As presented in Table 2, replacing the detection head with LSCD reduces model complexity to 80.2% of the original GFLOPs, 78.4% of the original parameters, and 79.0% of the original model size compared to the baseline, while maintaining equivalent recognition accuracy (mAP@0.5). Substituting the original backbone with StarNet further compresses computational requirements to 60.5% of GFLOPs, 52.2% of parameters, and 54.0% of baseline model size. Although this modification incurs a marginal precision reduction, StarNet achieves substantial model streamlining. Subsequently, the C2F-Star module incorporating Star Blocks is deployed to replace the original C2F modules. Relative to the baseline network that features the LSCD detection head and the StarNet backbone, this refinement yielded additional model compression, with reductions in GFLOPs, parameters, and model size, while simultaneously increasing detection precision by 1.4 percentage points. Following these cumulative modifications, the model achieves substantial streamlining with GFLOPs, parameters, and size reduced to 56.0%, 46.0%, and 48.0% of the baseline, respectively. However, this configuration exhibits a 1.2 percentage point reduction in mAP@0.5 compared to the original model. To mitigate this precision degradation, we implement DIoU as a replacement for the default CIoU loss function, elevating the final mAP@0.5 to 76.0%, surpassing the baseline model’s performance. When taken as a whole, these improvements improved recognition accuracy while reducing the model’s complexity by around half. This dual optimization demonstrates the efficacy of our methodological improvements.

3.3. Recognition Performance at Different Ripeness Stages

This section illustrates the efficacy of our method for recognizing palm fruit across five maturation stages: unripe, underripe, ripe, flower, and abnormal. Table 3 illustrates that mature fruit possesses notable attributes, attaining the best detection accuracy (mAP@0.5 = 88.5% and F1-score = 82.0%). Unripe fruits exhibited strong performance (mAP@0.5 = 82.8%, F1-score = 78.1%). The flowers are generally smaller and sometimes concealed by foliage, leading to moderate performance throughout the flowering stage (mAP@0.5 = 72.1%, F1-score = 71.4%). It is worth noting that the underripe stage is a transitional state between ripe and unripe, and the F1-score of 69.9% indicates that there is a phenomenon of accurate positioning but incorrect classification, which is caused by the instability of the transition state characteristics. The model exhibits limited efficacy in detecting anomalous stages. The aberrant stage encompasses various scenarios, including sickness, deformity, and rodent damage, and the features are highly discrete. The model’s recognition data for this phase is below the average. Overall, the results indicate that the model can prioritize the reliability of identifying ripe fruits that can be picked, which meets the engineering requirements of orchard operations.

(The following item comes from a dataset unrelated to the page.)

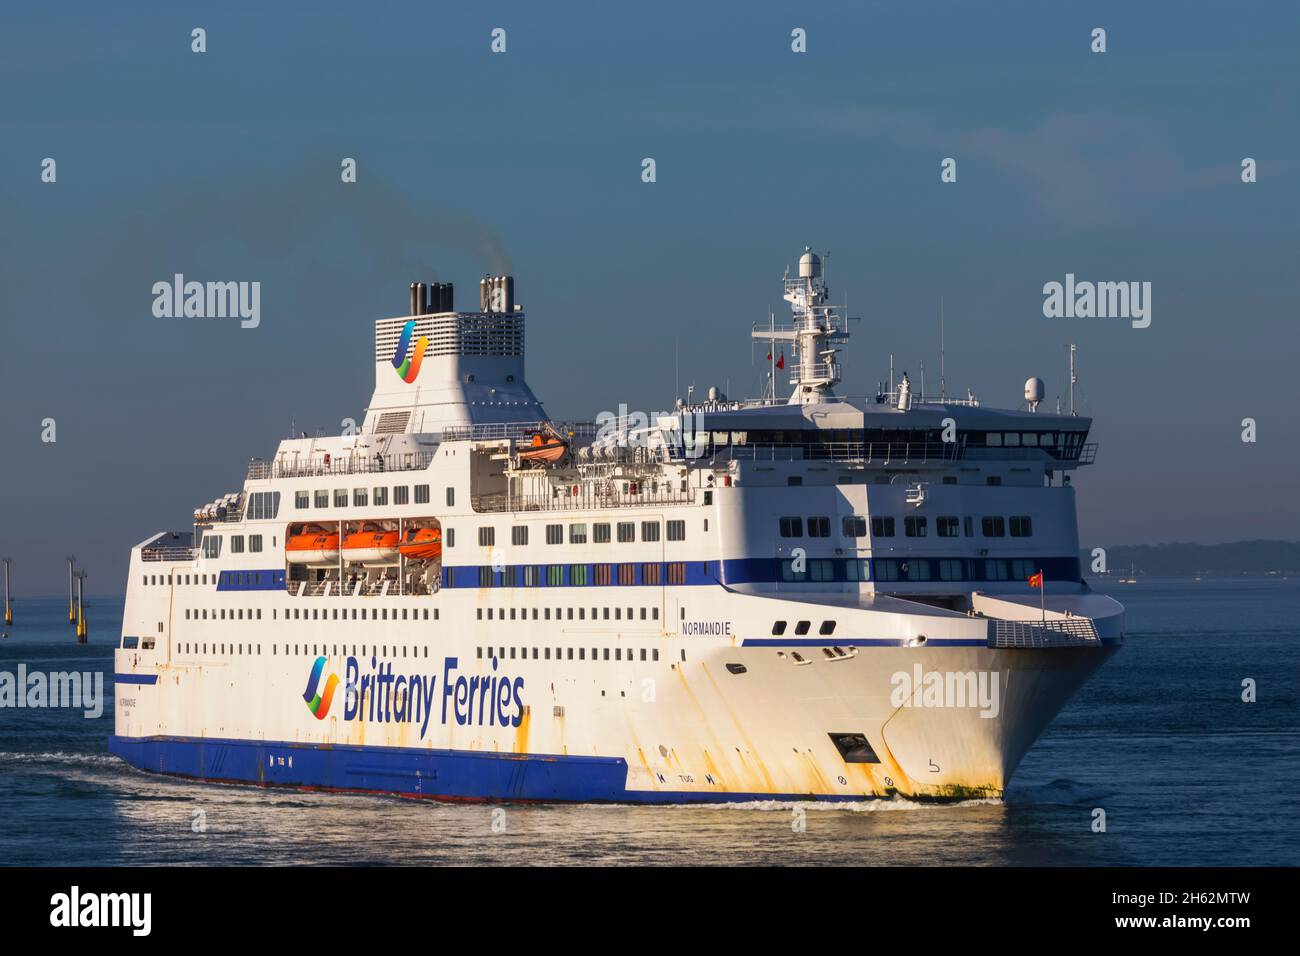 england,hampshire,portsmouth,brittany ferries ship normandie Stock Photo

3.4. Comparison of Experimental Results for Different IoU Losses

To validate the effectiveness of our DIoU implementation, this study employs the original CIoU in YOLOv8 as the baseline for comparative experiments with alternative loss functions. The loss functions compared include CIoU, EIoU, PIoU, and SIoU. CIoU improves localization accuracy by constraining aspect ratios and is suitable for general object detection. CIoU can achieve better mAP in high-resource tasks, but its high computational overhead makes it unsuitable for resource-constrained scenarios. The benefit of EIoU lies in its ability to decompose the aspect ratio loss, attributing greater significance to low-quality predictions, hence expediting the convergence of challenging samples and rectifying the disparity between easy and difficult samples. It is more appropriate for scenarios including densely clustered, diminutive objects and highly distorted forms. The primary complexity of this test is environmental interference, such as occlusion, blur, and uneven lighting, rather than the inherent difficulty of the object itself. The advantage of PIoU lies in its non-monotonic focusing mechanism, which improves learning efficiency for difficult samples and simplifies computation, making it a clear advantage in tasks with imbalanced samples. The core challenge of this task is environmental interference, not target density. SIoU attains advancements in traditional detection tasks via directional perception and is appropriate for contexts exhibiting directional consistency. Nonetheless, the stringent limitations imposed by its numerous punishment terms are at odds with the variety of deformations occurring during occlusion, resulting in an excessive penalization of justifiable deformations.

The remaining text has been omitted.